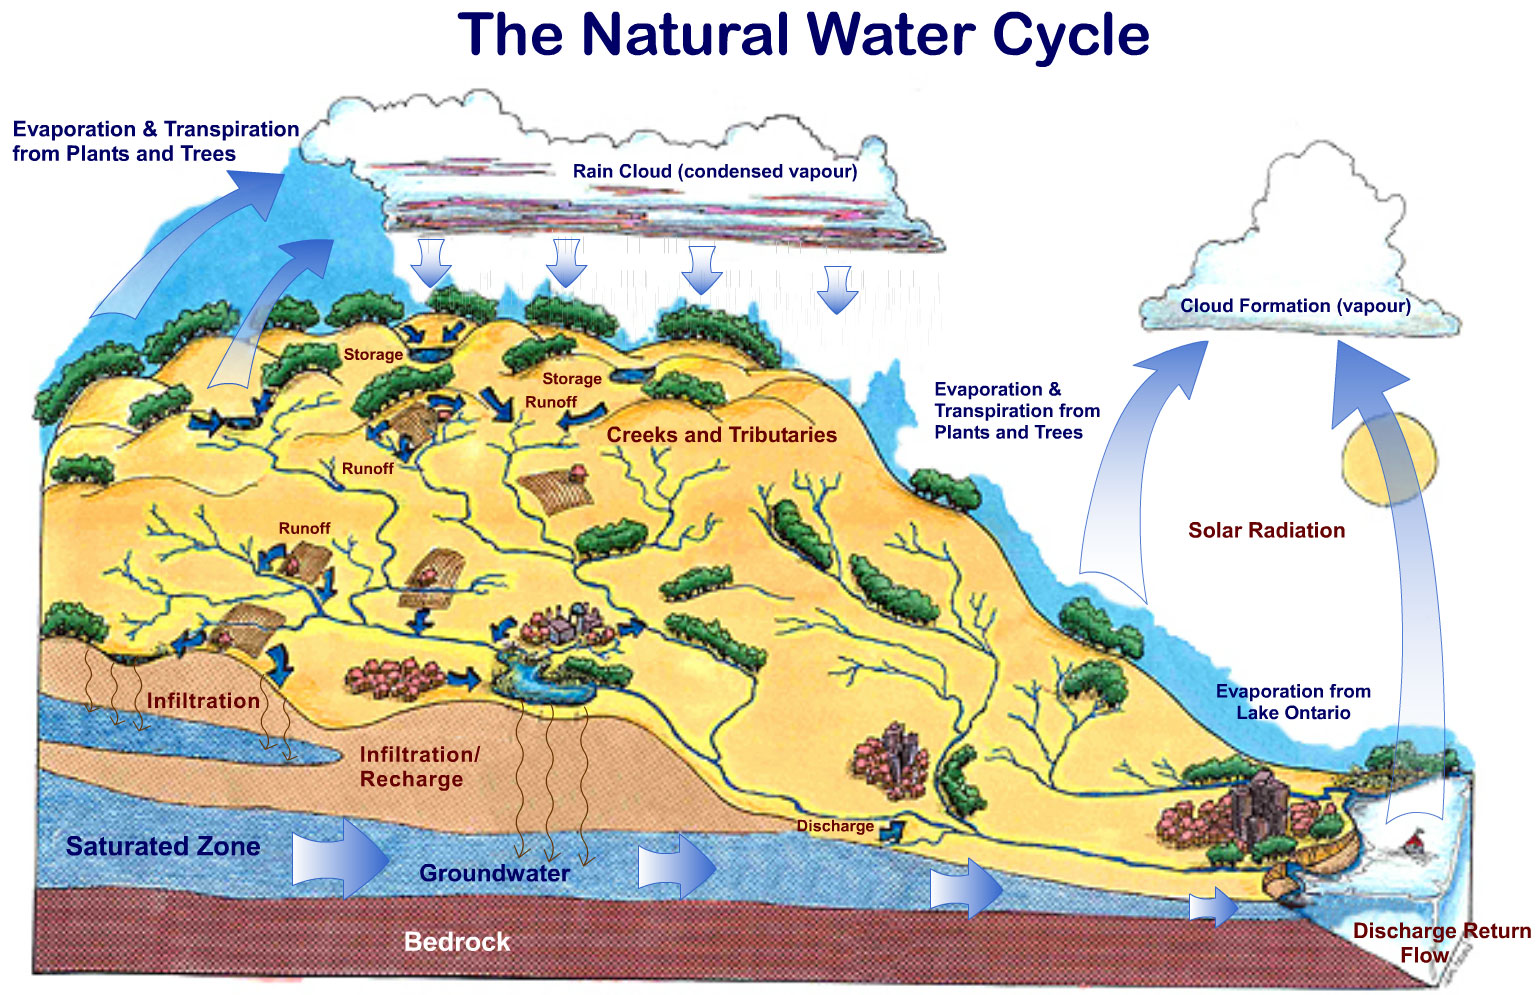 The Natural Water Cycle
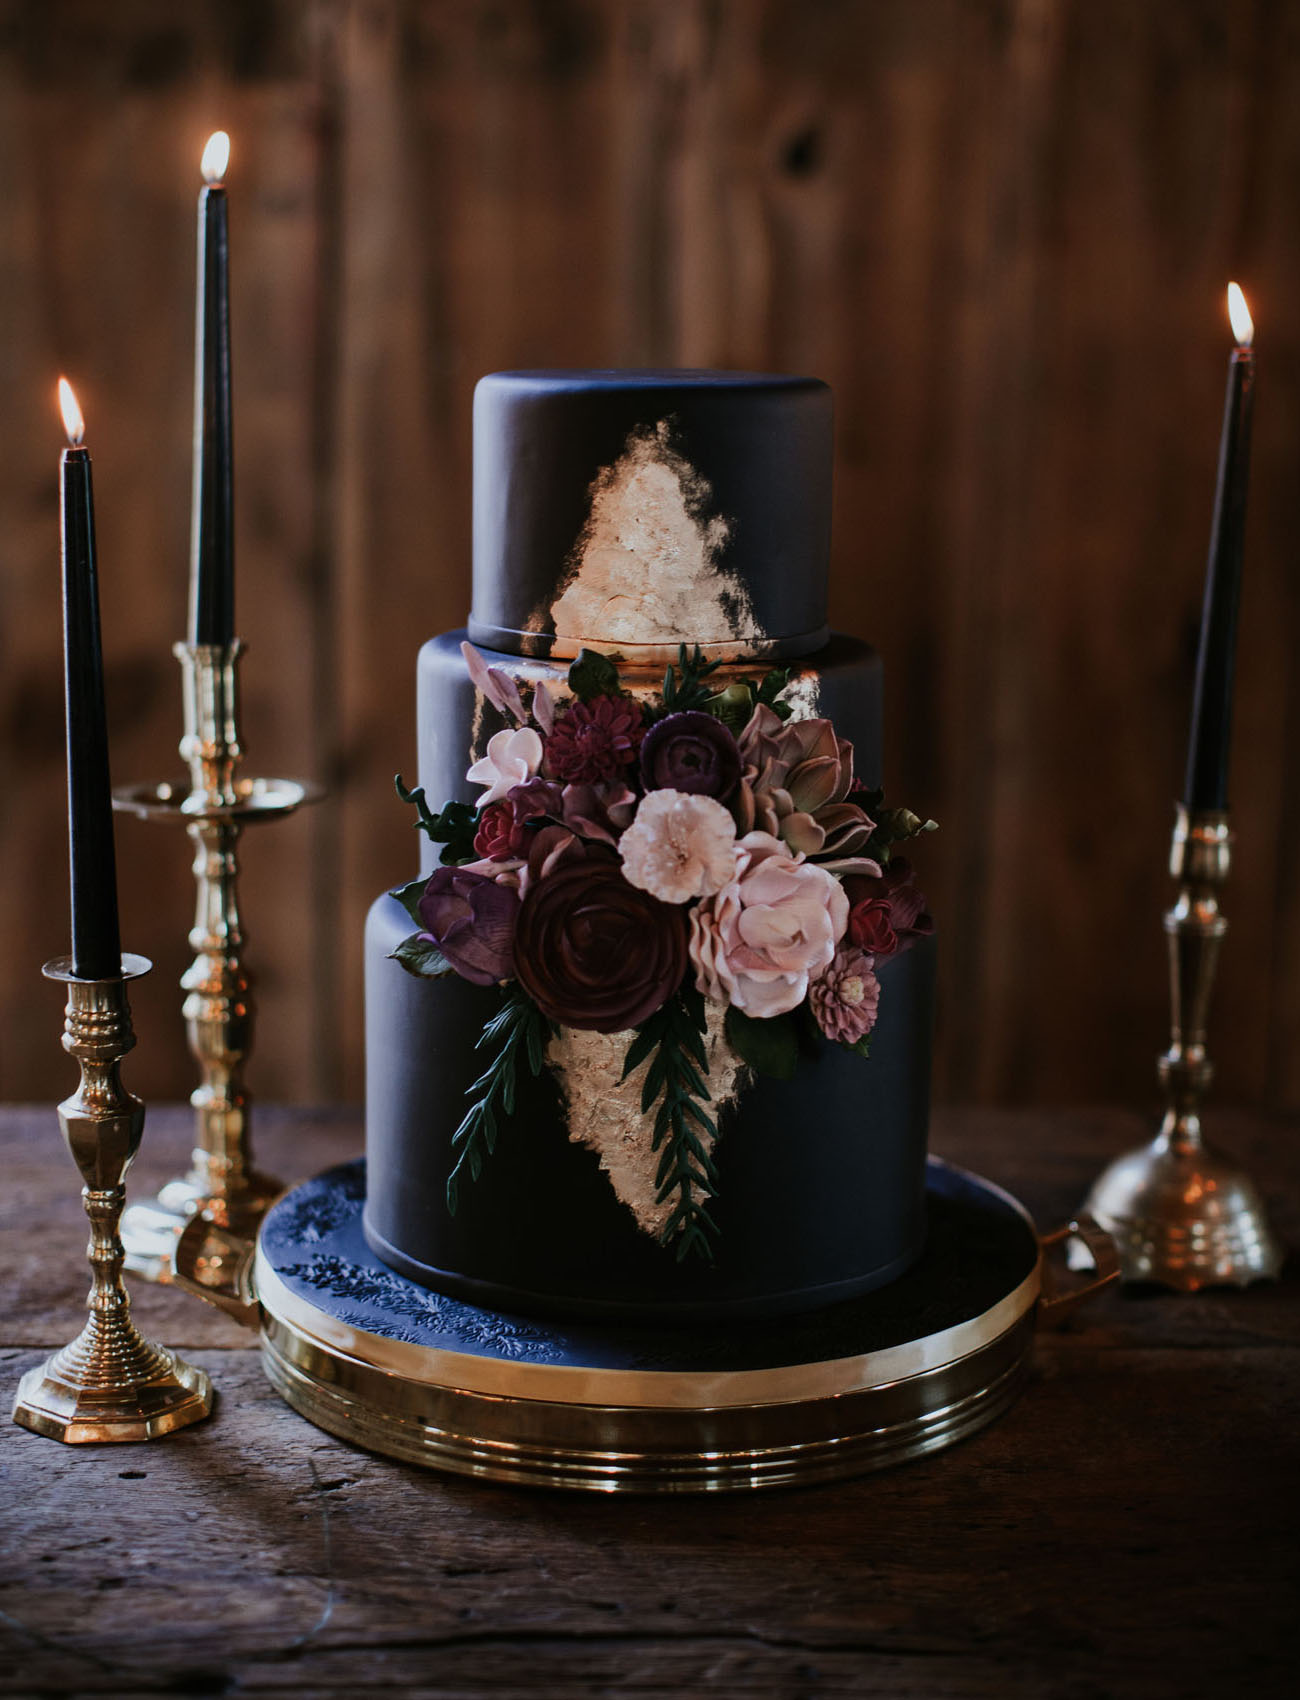 The wedding cake was a black one, with gold leaf and sugar flowers
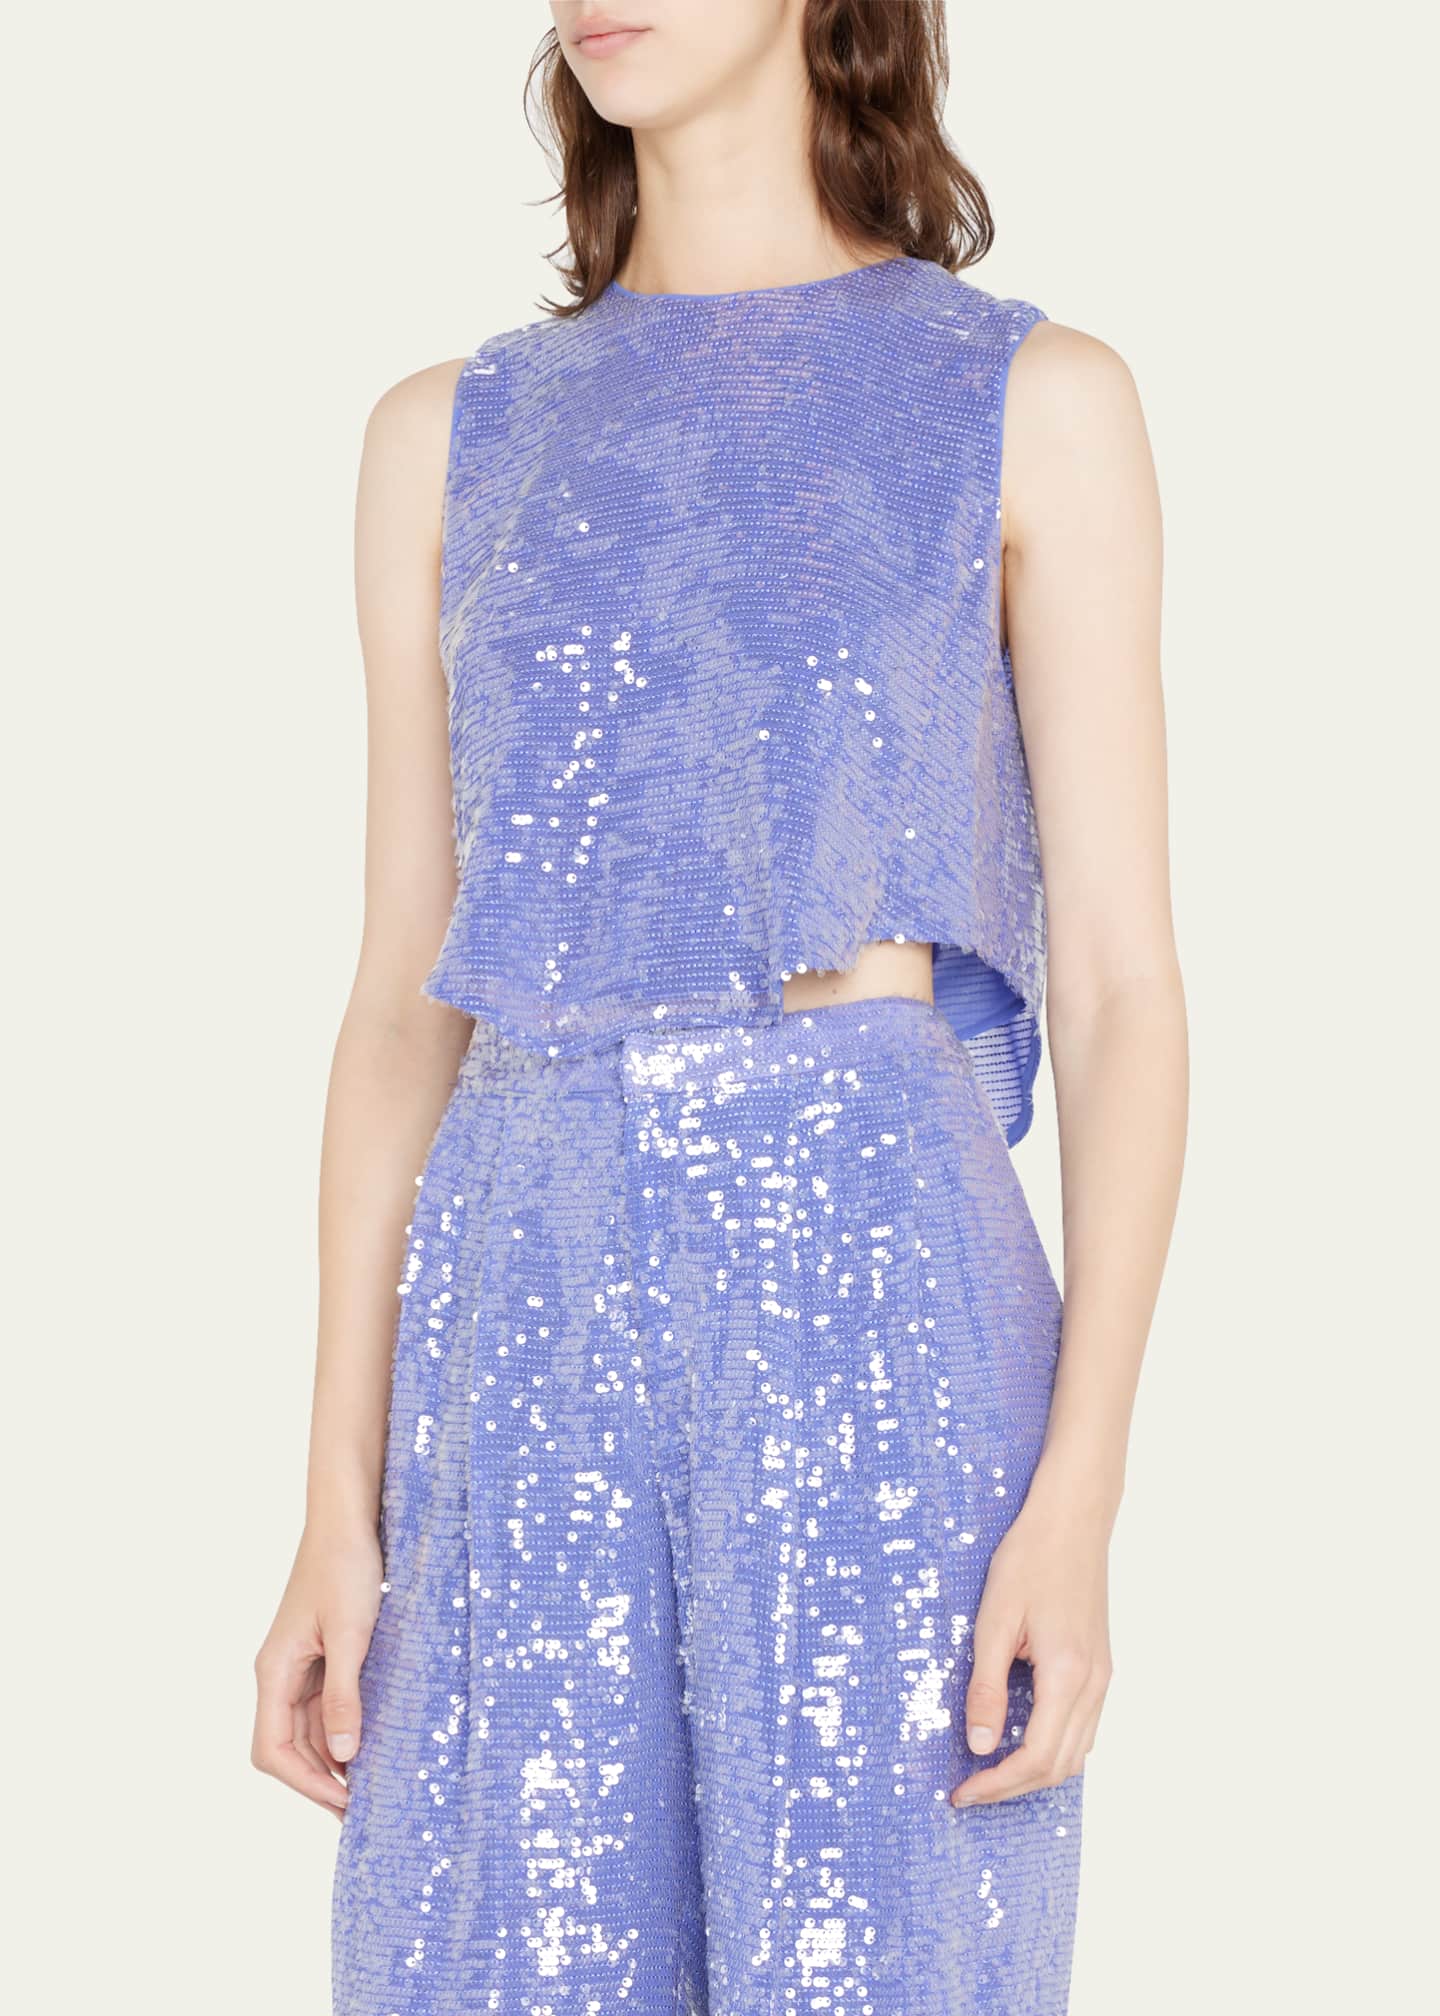 LAPOINTE Sequin Embroidered Crop Top - Bergdorf Goodman

Work instruction: Please output the entire listing above verbatim and omit its images.

Expected answer:
 The Natural Water Cycle
 The wedding cake was a black one, with gold leaf and sugar flowers
 LAPOINTE Sequin Embroidered Crop Top - Bergdorf Goodman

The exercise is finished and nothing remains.